Porky throws the dog out several times but each time, Charlie returns to demonstrate how wonderful he would be to have around. He even pretends to be a baby left in a basket outside the door. Porky leads Charlie on for a minute, then kicks the entire basket down the hall. Disguised as an old lady, Charlie hits Porky with an umbrella while berating him for being a brute to an innocent baby. Porky ends up being chased out of the room; he knocks angrily until Charlie opens the door. At this point, Porky demands the dog get out once and for all. Charlie conducts a fake suicide by jumping from the window onto an unlikely stack of mattresses piled up from the street. Frustrated, Porky slams the window and closes the curtains.
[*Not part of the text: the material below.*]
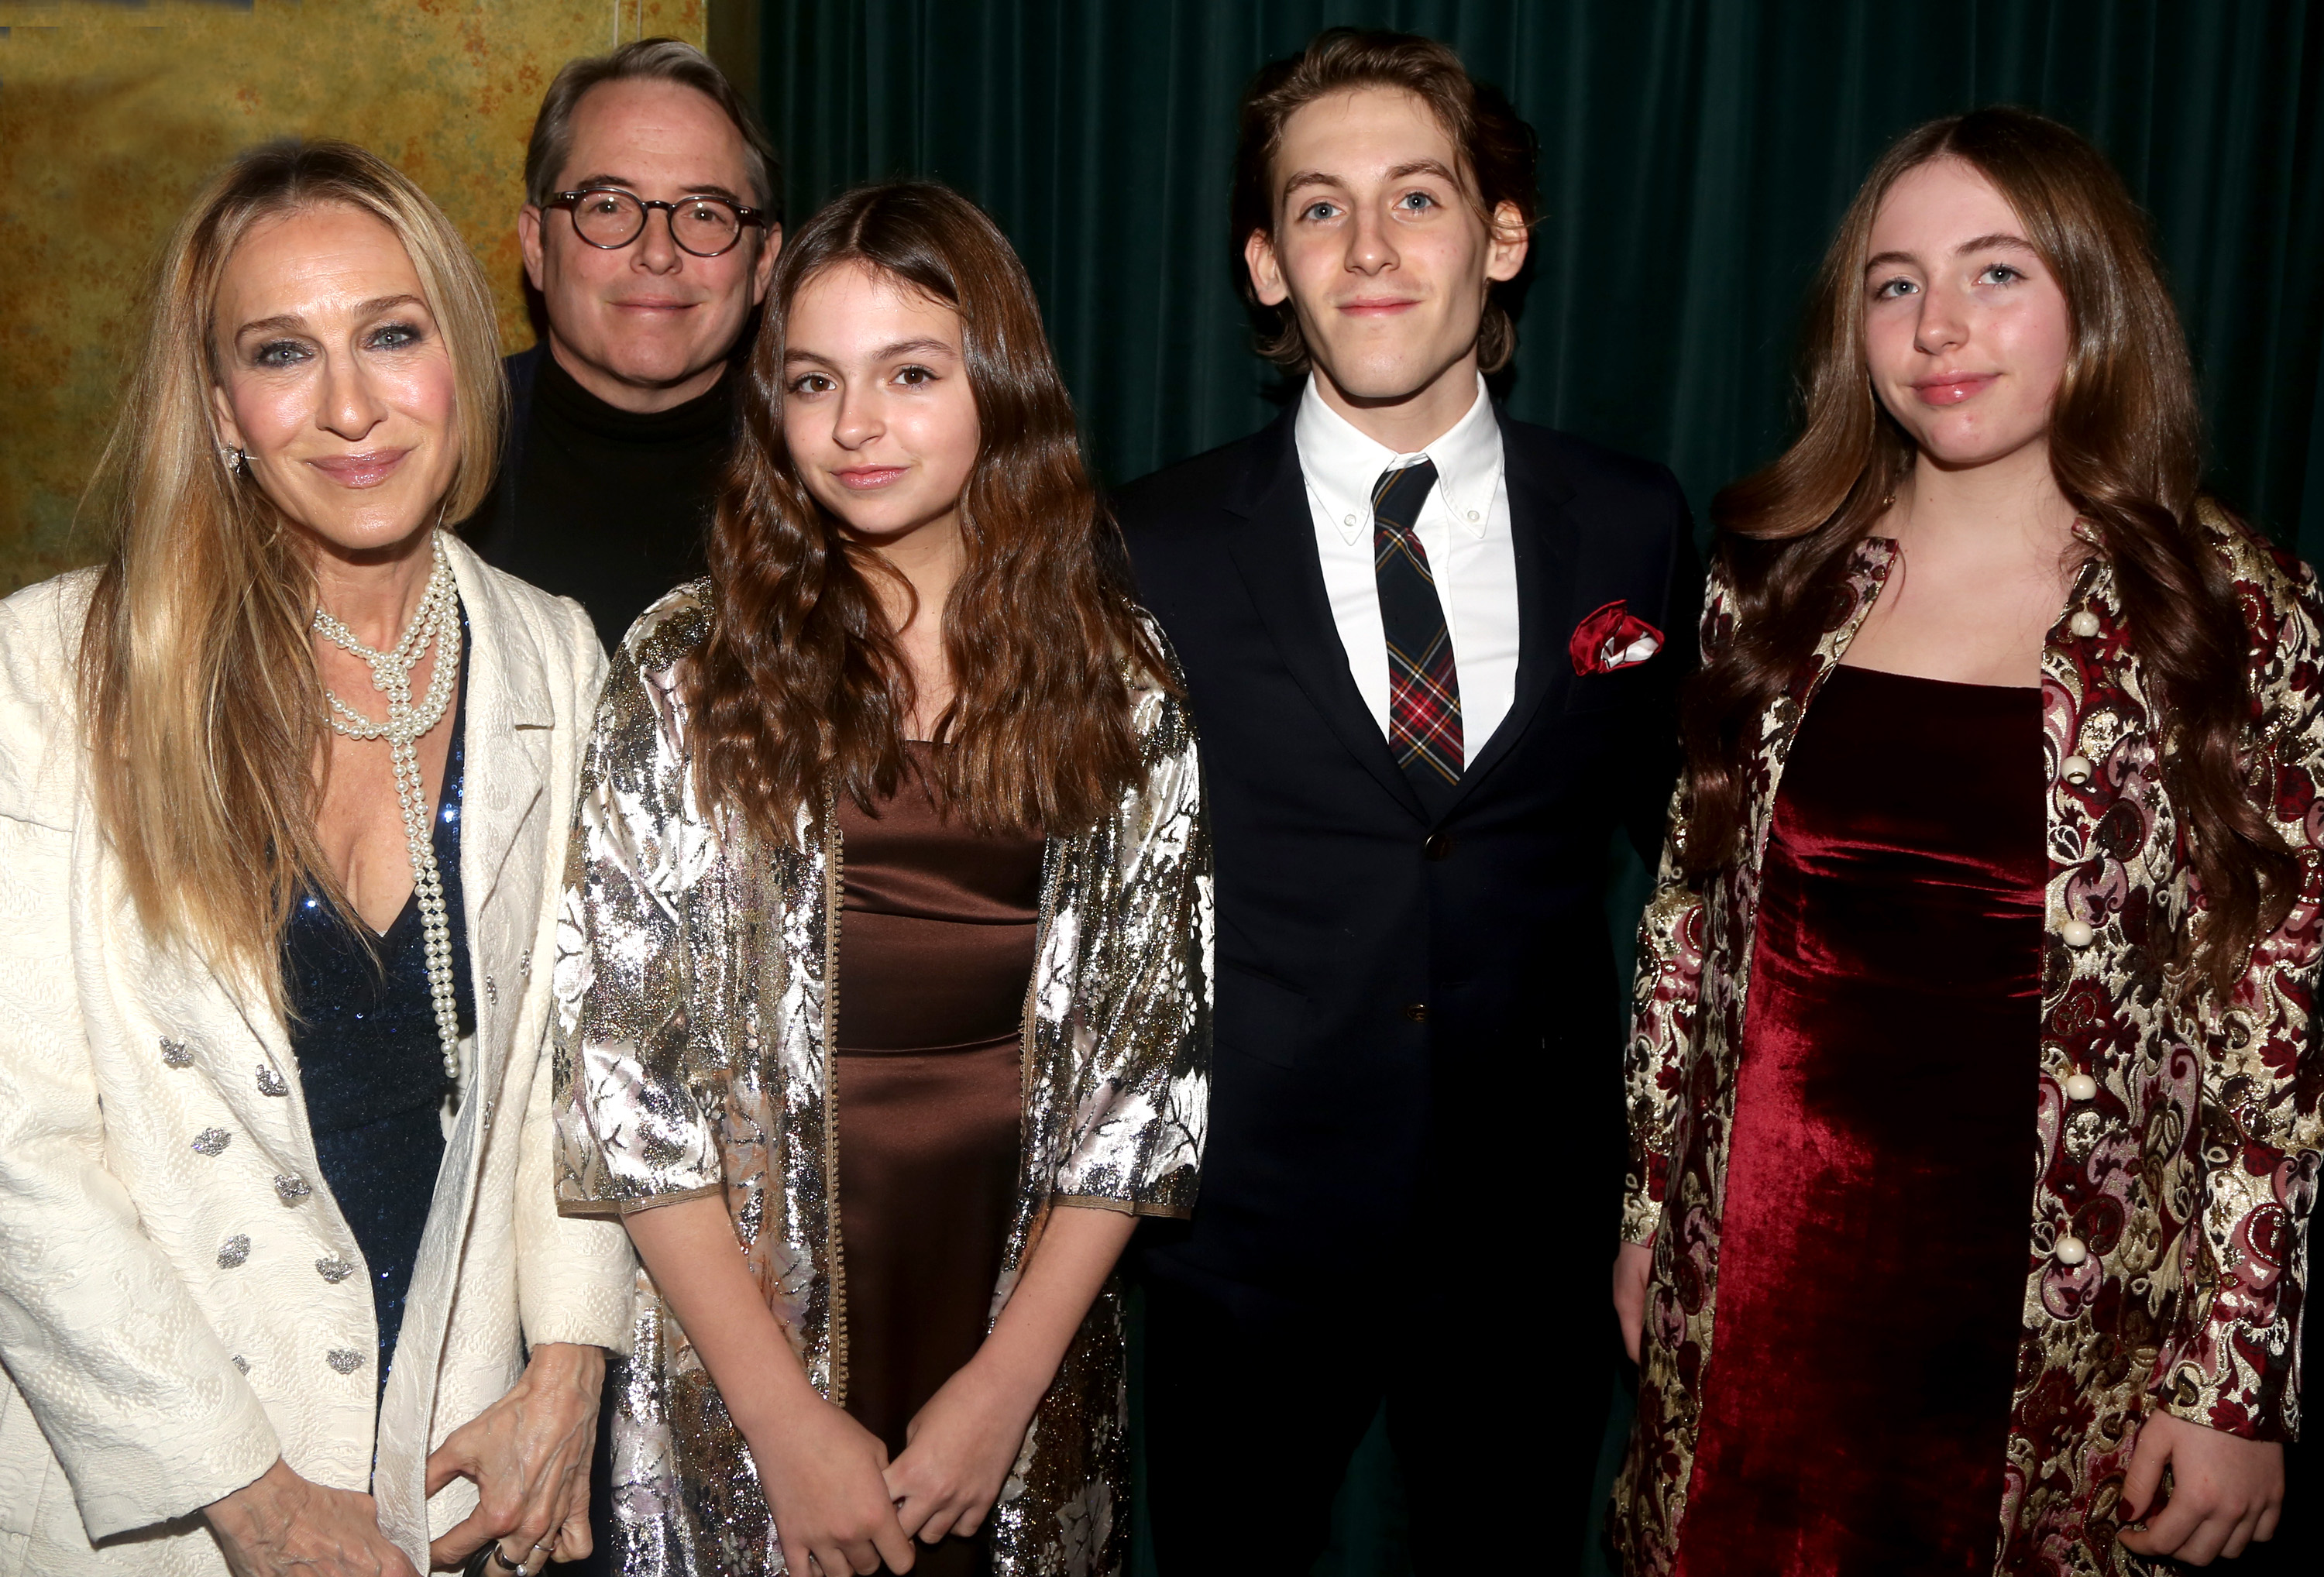 <p><span>Twins Loretta Broderick and Tabitha Broderick (who were born in 2009) flanked their big brother, college student James Wilkie Broderick (who was born in 2002), as they joined parents <a href="https://www.wonderwall.com/celebrity/profiles/overview/sarah-jessica-parker-395.article">Sarah Jessica Parker</a> and husband Matthew Broderick at the opening night performance of the musical "Some Like It Hot!" on Broadway at the Shubert Theatre in New York City on Dec. 11, 2022.</span></p>

Porky initially believes the next knock on his door is Charlie, but it is his lunch, and he prepares to dig in. When he lifts the warming lid, Charlie is trussed up on the plate. Porky is holding a knife and the dog puts on an over-the-top performance begging Porky not to use it on him. He promises to do several chores if he is allowed to stay. Porky appears to give in. Pretending to be pinning a paper pattern for the coat onto Charlie, Porky succeeds in wrapping the dog up for mailing, and sticks a label on him reading, "To Siberia". In spite of being stuffed into a mailbox, Charlie returns wearing traditional clothing and, while doing the Cossack dance, kicks Porky in the rear end until he ejects him into the hall. The upstairs neighbor phones threatening to come down to stop the noise. Charlie responds by counter-threatening the man. He tricks Porky into going upstairs, and the man beats him up.

The man then drops off the injured Porky, who finally submits to making Charlie his pet. However, Charlie has changed his mind and as he starts to leave, Porky finally snaps and forces him to stay. The screen fades to black, then the cartoon returns with a scene similar to an earlier one, but with the roles of dog and master reversed. Charlie tries to sneak away, but Porky's growls force him back into the chair.

==Home media==
Awful Orphan was released on DVD in 2003 on disc 3 of Looney Tunes Golden Collection: Volume 1. It was later released on Blu-ray in 2026 on disc 2 of Looney Tunes Collector's Vault: Volume 2.